The attack of a supply chain associated with the 21 Backdore Magento Extension has signed an agreement between 500 and 1,000 e-commerce stores, with a $ 40 billion multinational.
Researchers at SANSEC discovered the attack report that some extensions had returned by 2019, but the malicious code was only active in April 2025.
“Many vendors were hacked into a coordinated supply chain attack, SANSEC found 21 applications with a single back door,” SANSEC explains,
“Eagerly, malware was injected 6 years ago, but came into life this week because the attackers took full control of the ecommerce server.”
SANSEC says that Tigraine, Meetanshi and MGS are from the compromised extension vendors:
- Tigraine Ajaxuit
- Tigraine ajakcart
- Tigraine Ajaxalogin
- Tigraine ajakskompere
- Tigraine ajaksavishalist
- Tigraine multicode
- Meetanshi imageclane
- Meetanshi Kukiyotis
- Meetanshi flatship
- Meetings FacebookChat
- Meetanshi curanisvic
- Meetanshi Diferz
- MGS Lookbook
- MGS storage
- MGS brand
- MGS GDPR
- MGS portfolio
- MGS popup
- MGS deliverytime
- Mgs producttabs
- MGS blog
SANSEC has also found a compromise version of Weltpixel Googletagmanager Extension, but cannot confirm whether the point of compromise was on the seller or the website.
In all views, the extension includes a PHP backdoor that is added to the license check file (license, or license or licenseapi.php) used by the extension.
This malicious code checks for HTTP requests, which contain special parameters called “requestkey” and “datasign”, which are used to check against hardcode keys within PhP files.
Source: Bleepingcomputer
If the check is successful, the backdoor files the other administrator access to the functions, allowing a remote user to upload a new license and save it as a file.
Source: Bleepingcomputer
This file is then included using the “included_onus ()” PhP function, which loads the file and automatically executes any code within the uploaded license file.
Source: Bleepingcomputer
The previous versions of the back door did not require certification, but new ones use a hardcode key.

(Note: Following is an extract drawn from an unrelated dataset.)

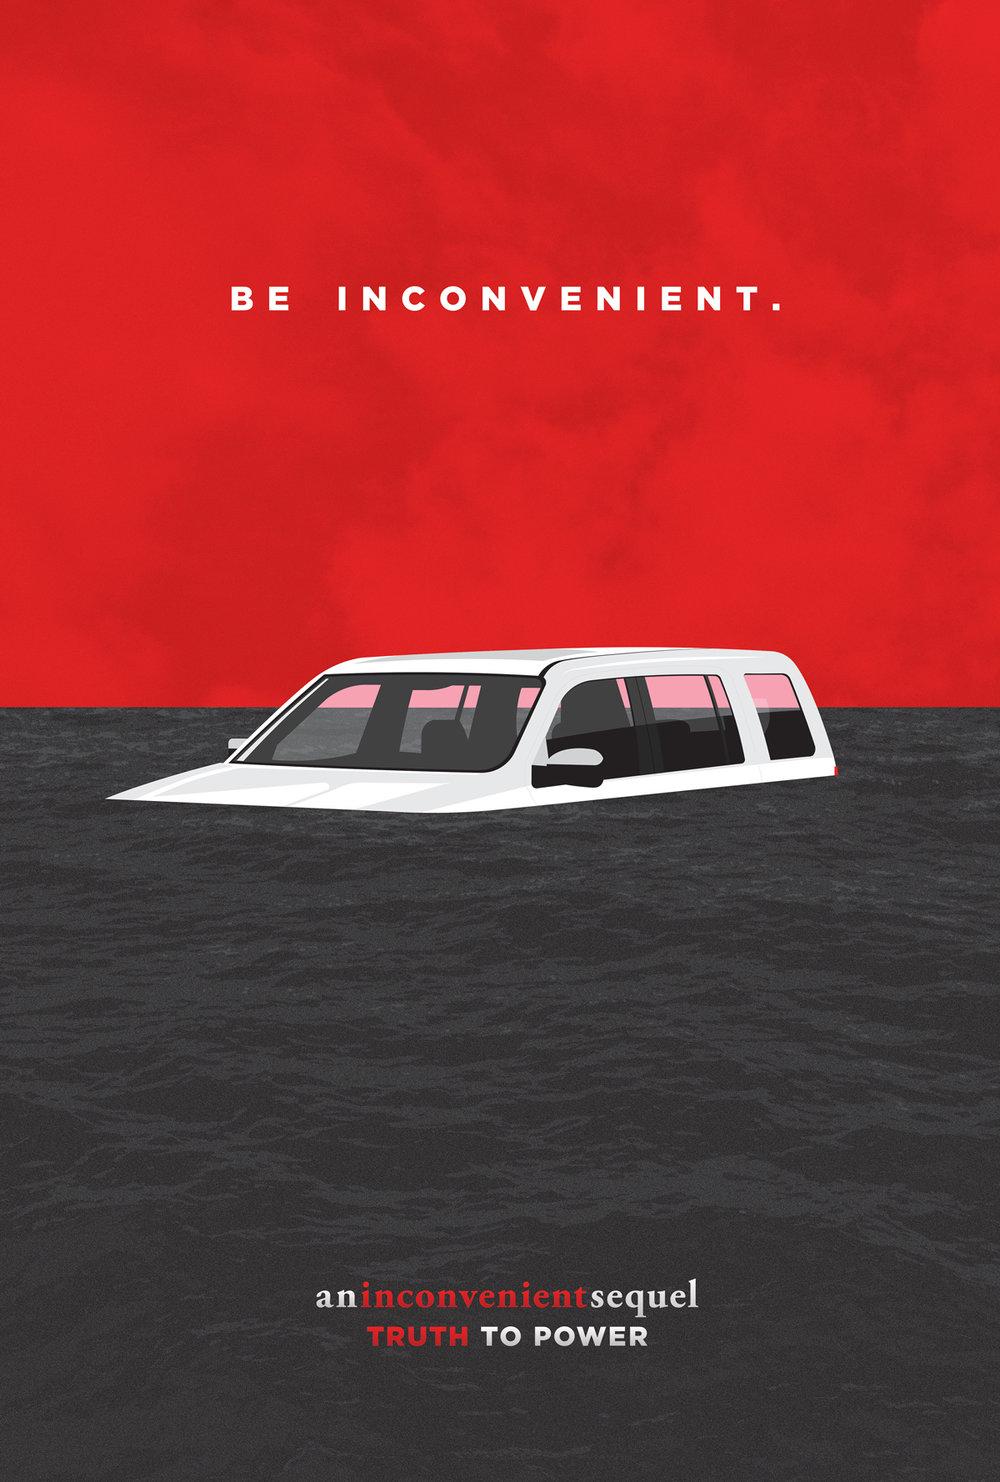 AnInconvenientSequel_Poster-web.jpg
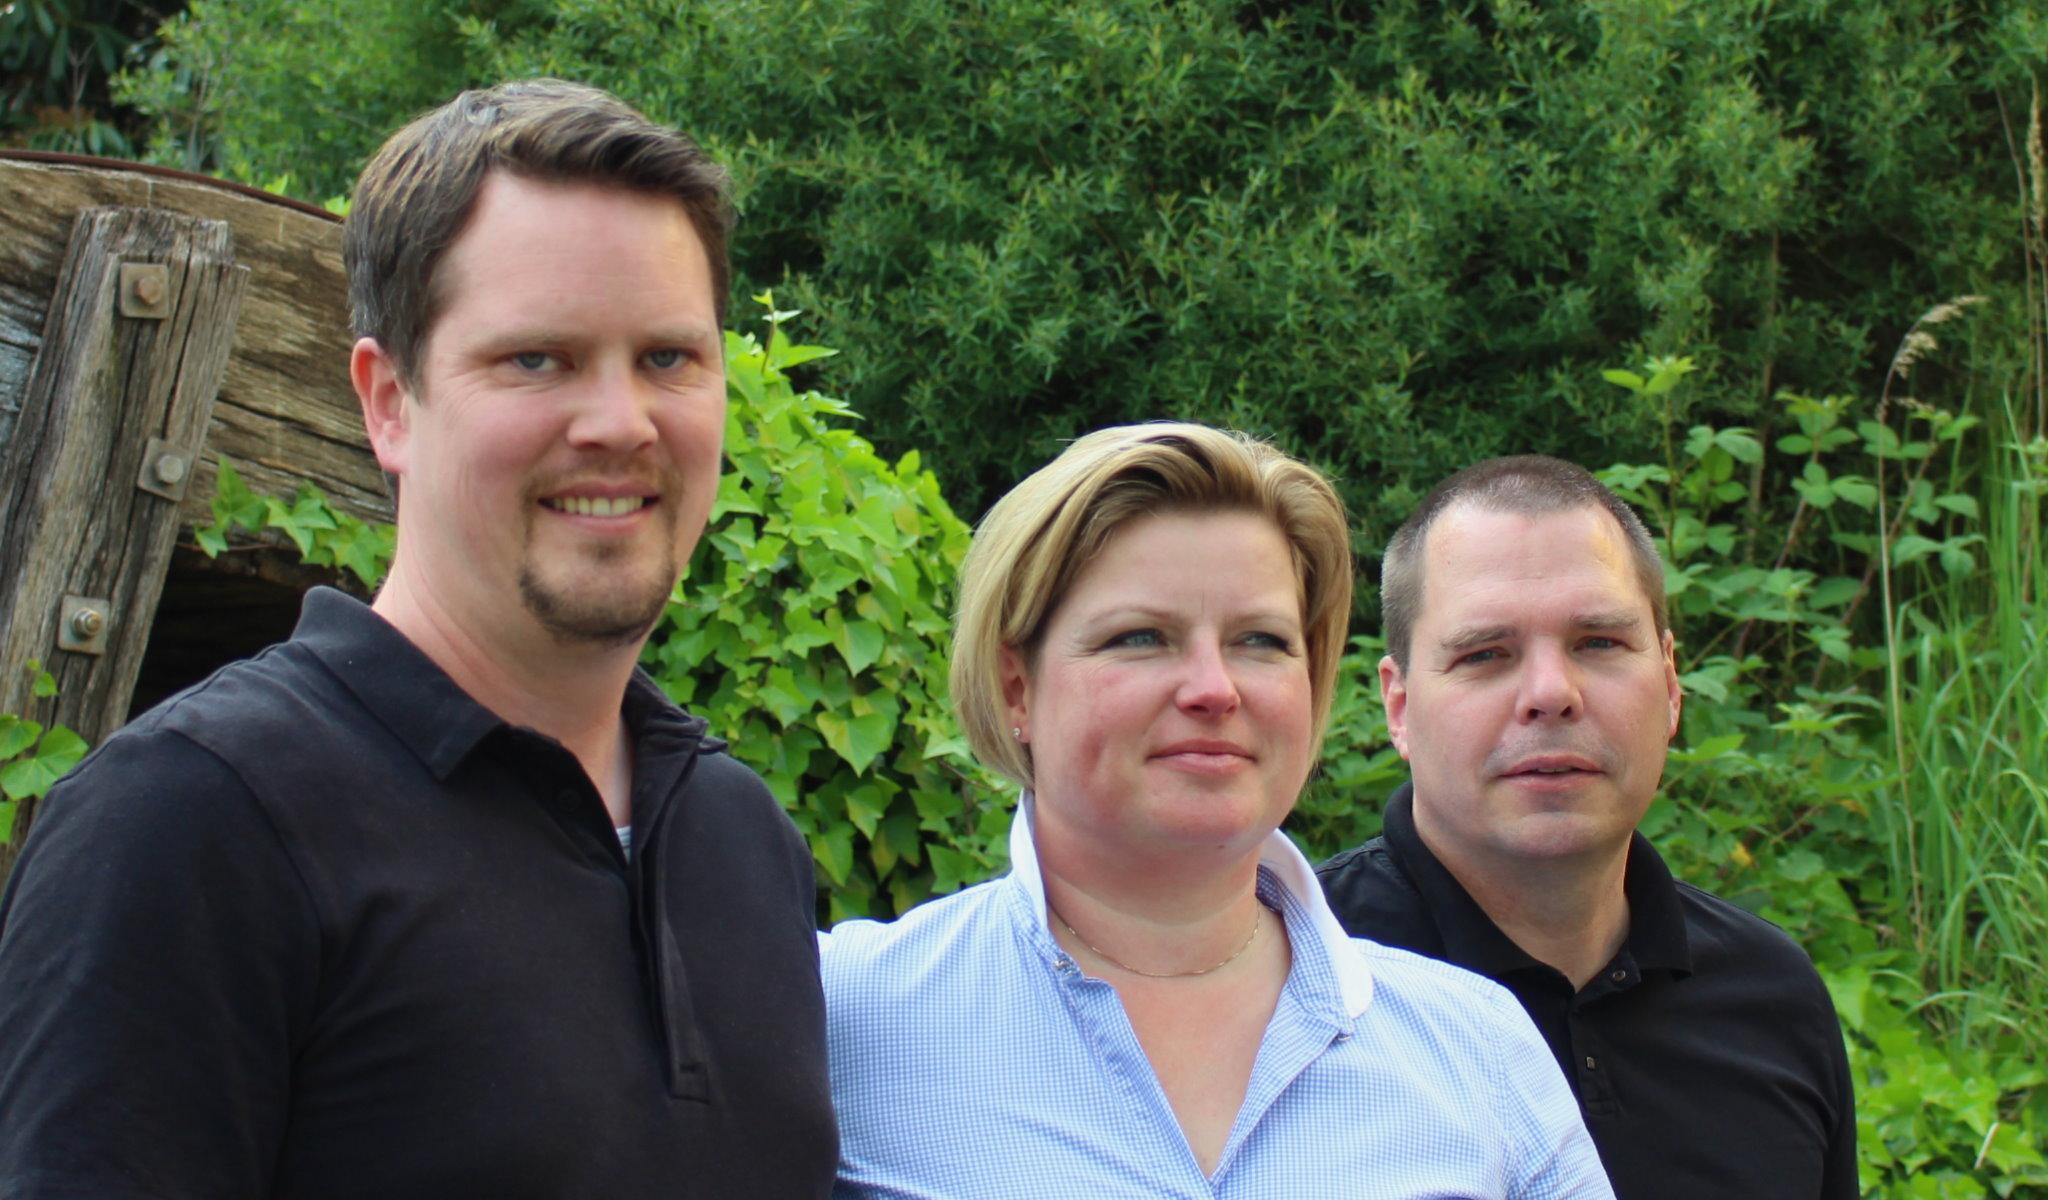 Das Team - Das INGenieurHaus - Dirk Witte - Kirsten Keller - Frank Borgert

SANSEC told Bleepingcomputer that this back door was used to upload a webshal on one of his customer’s sites.
Given the ability to upload and run any PHP code, the possible results of the attack include data theft, skimmer injection, arbitrary administrator account building, and more.
SANSEC approached three vendors, warning them of the back door discovered. The cyber security firm says that MGS did not respond, Tigraine denied a violation and continued to distribute the backdoor extension, and Meetanshi admitted to a server breech, but not an extension agreement.
Bleepingcomputer independently confirmed that it is present in the backdoor MGS Storelocator extension, which is free to download from their site. We did not confirm whether the backdoor is present in other extensions reported by Sansec.
Users of the mentioned extension are recommended to scan a full server for indicators of SANSEC shared in their report and restore the site from a known-clean backup if possible, if possible.
SANSEC commented on the peculiarity of the backdoor for laying inactivity for six years and now activated and promised to provide additional insight by their ongoing investigation.
Bleepingcomputer contacted three vendors, but no response was received at this time.
Based on the analysis of 14M malicious tasks, search for the top 10 MITERAT & CK techniques behind the 93% attacks and how to defend them against them.